BEGIN SUPPLIED MATERIAL
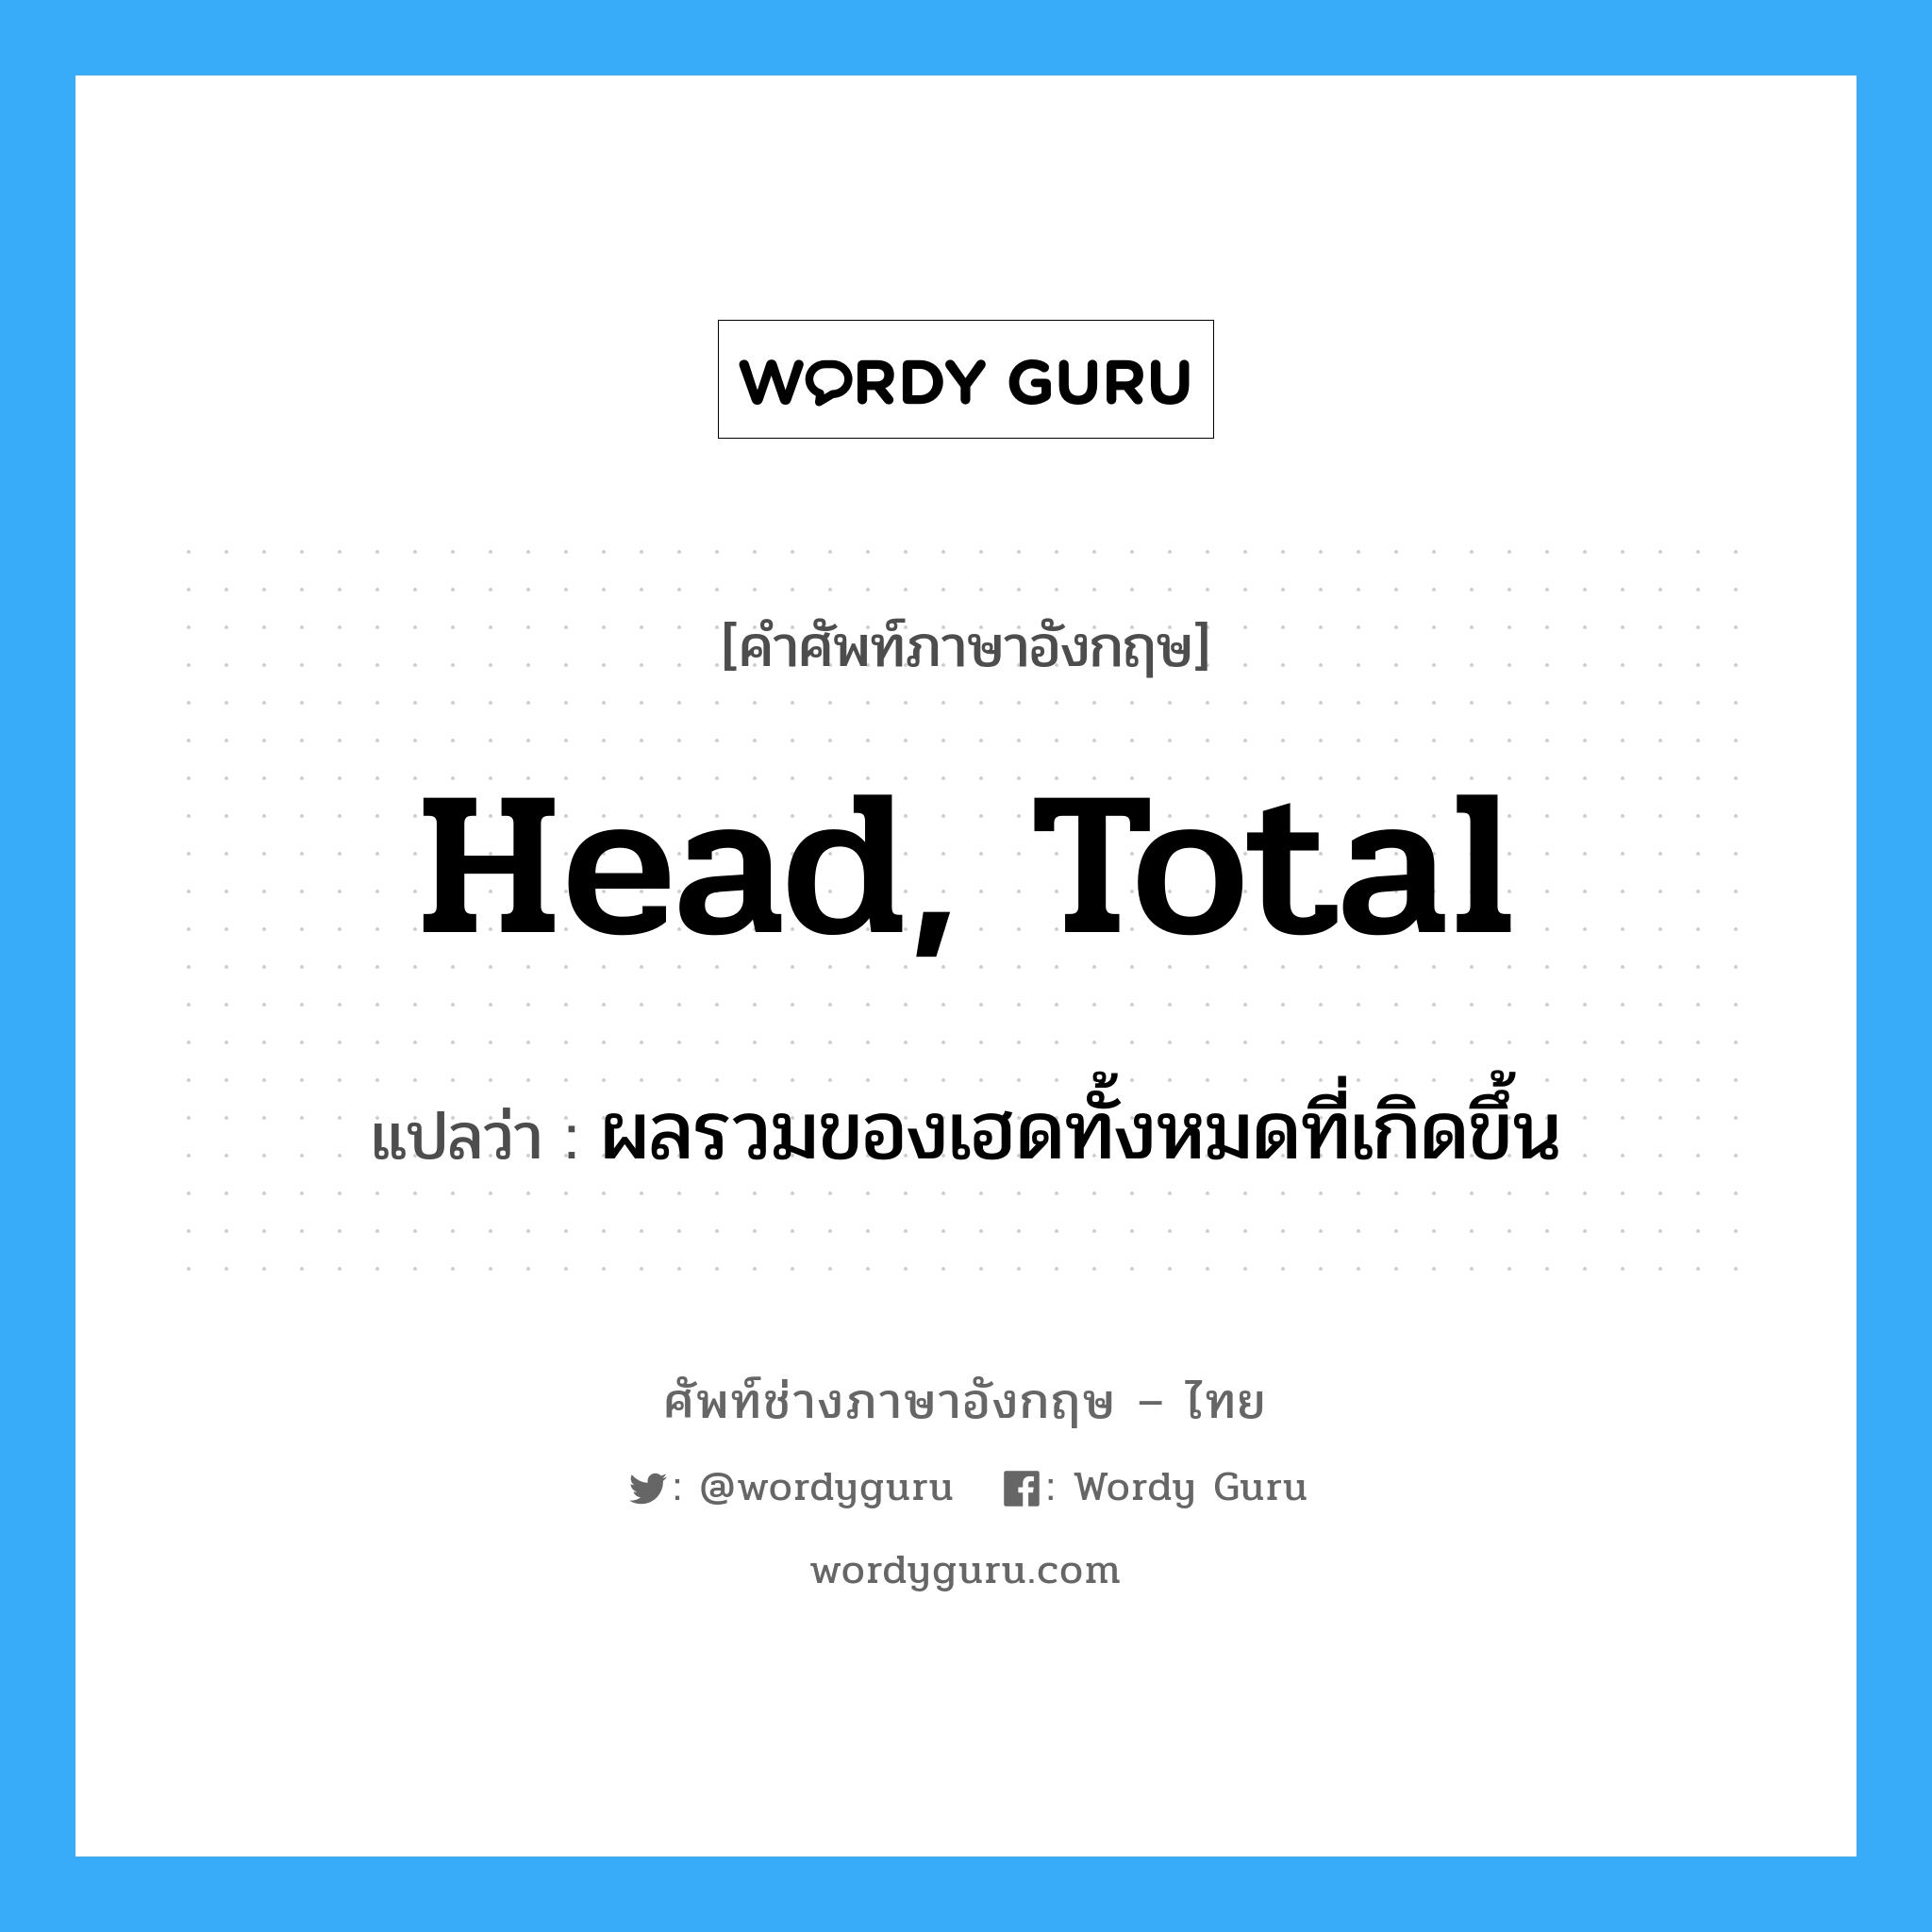 head, total แปลว่า?, คำศัพท์ช่างภาษาอังกฤษ - ไทย head, total คำศัพท์ภาษาอังกฤษ head, total แปลว่า ผลรวมของเฮดทั้งหมดที่เกิดขึ้น
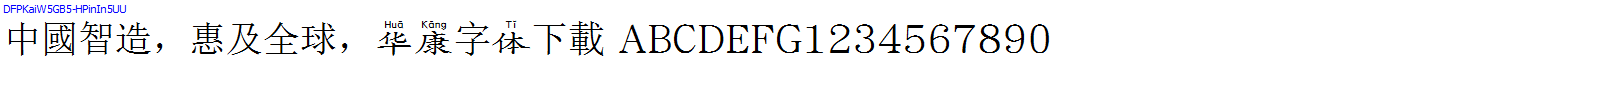 華康字體DFPKaiW5GB5-HPinIn5UU.TTF
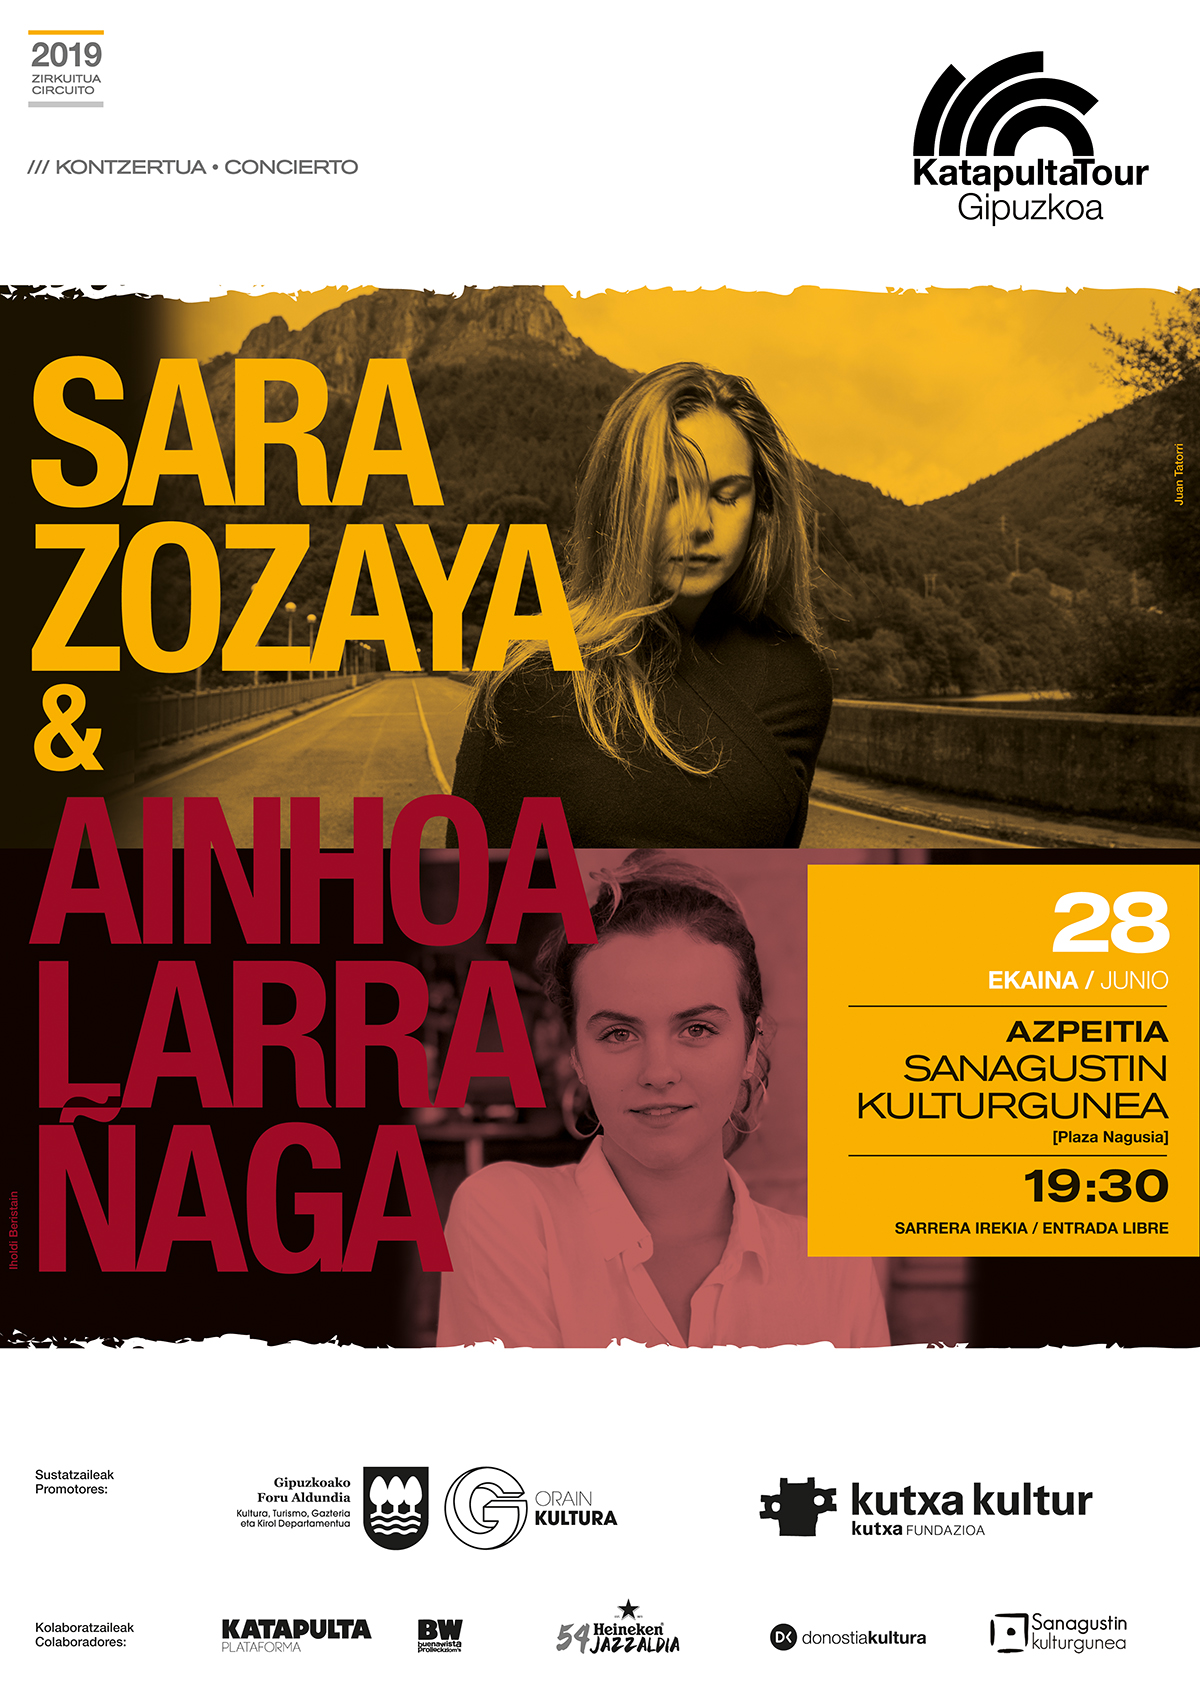 Sara Zozaya + Ainhoa Larrañaga
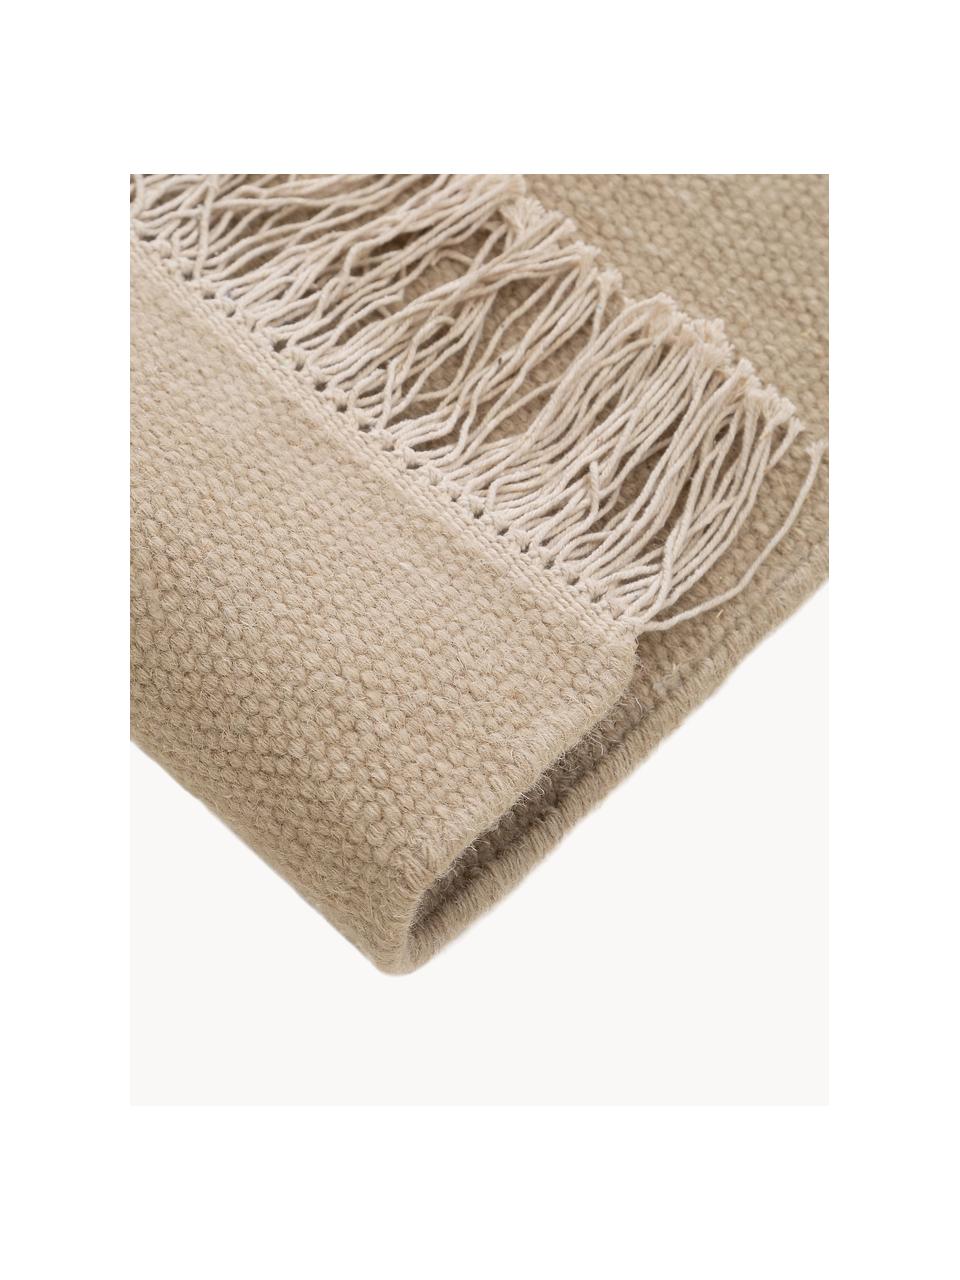 Ručne tkaný vlnený koberec so strapcami Liv, 80 % vlna, 20 %  polyester

V prvých týždňoch používania môžu vlnené koberce uvoľňovať vlákna, tento jav zmizne po niekoľkých týždňoch používania, Béžová, Š 80 x D 150 cm (veľkosť XS)
END SUPPLIED MATERIAL
### WHAT YOU NEED TO DO
Starting at the line that holds "Ručne tkaný vlnený", retype every line through the end of the data, both ends included. Pictures stay out of the copy.

### TASK OUTPUT
 Ručne tkaný vlnený koberec so strapcami Liv, 80 % vlna, 20 %  polyester

V prvých týždňoch používania môžu vlnené koberce uvoľňovať vlákna, tento jav zmizne po niekoľkých týždňoch používania, Béžová, Š 80 x D 150 cm (veľkosť XS)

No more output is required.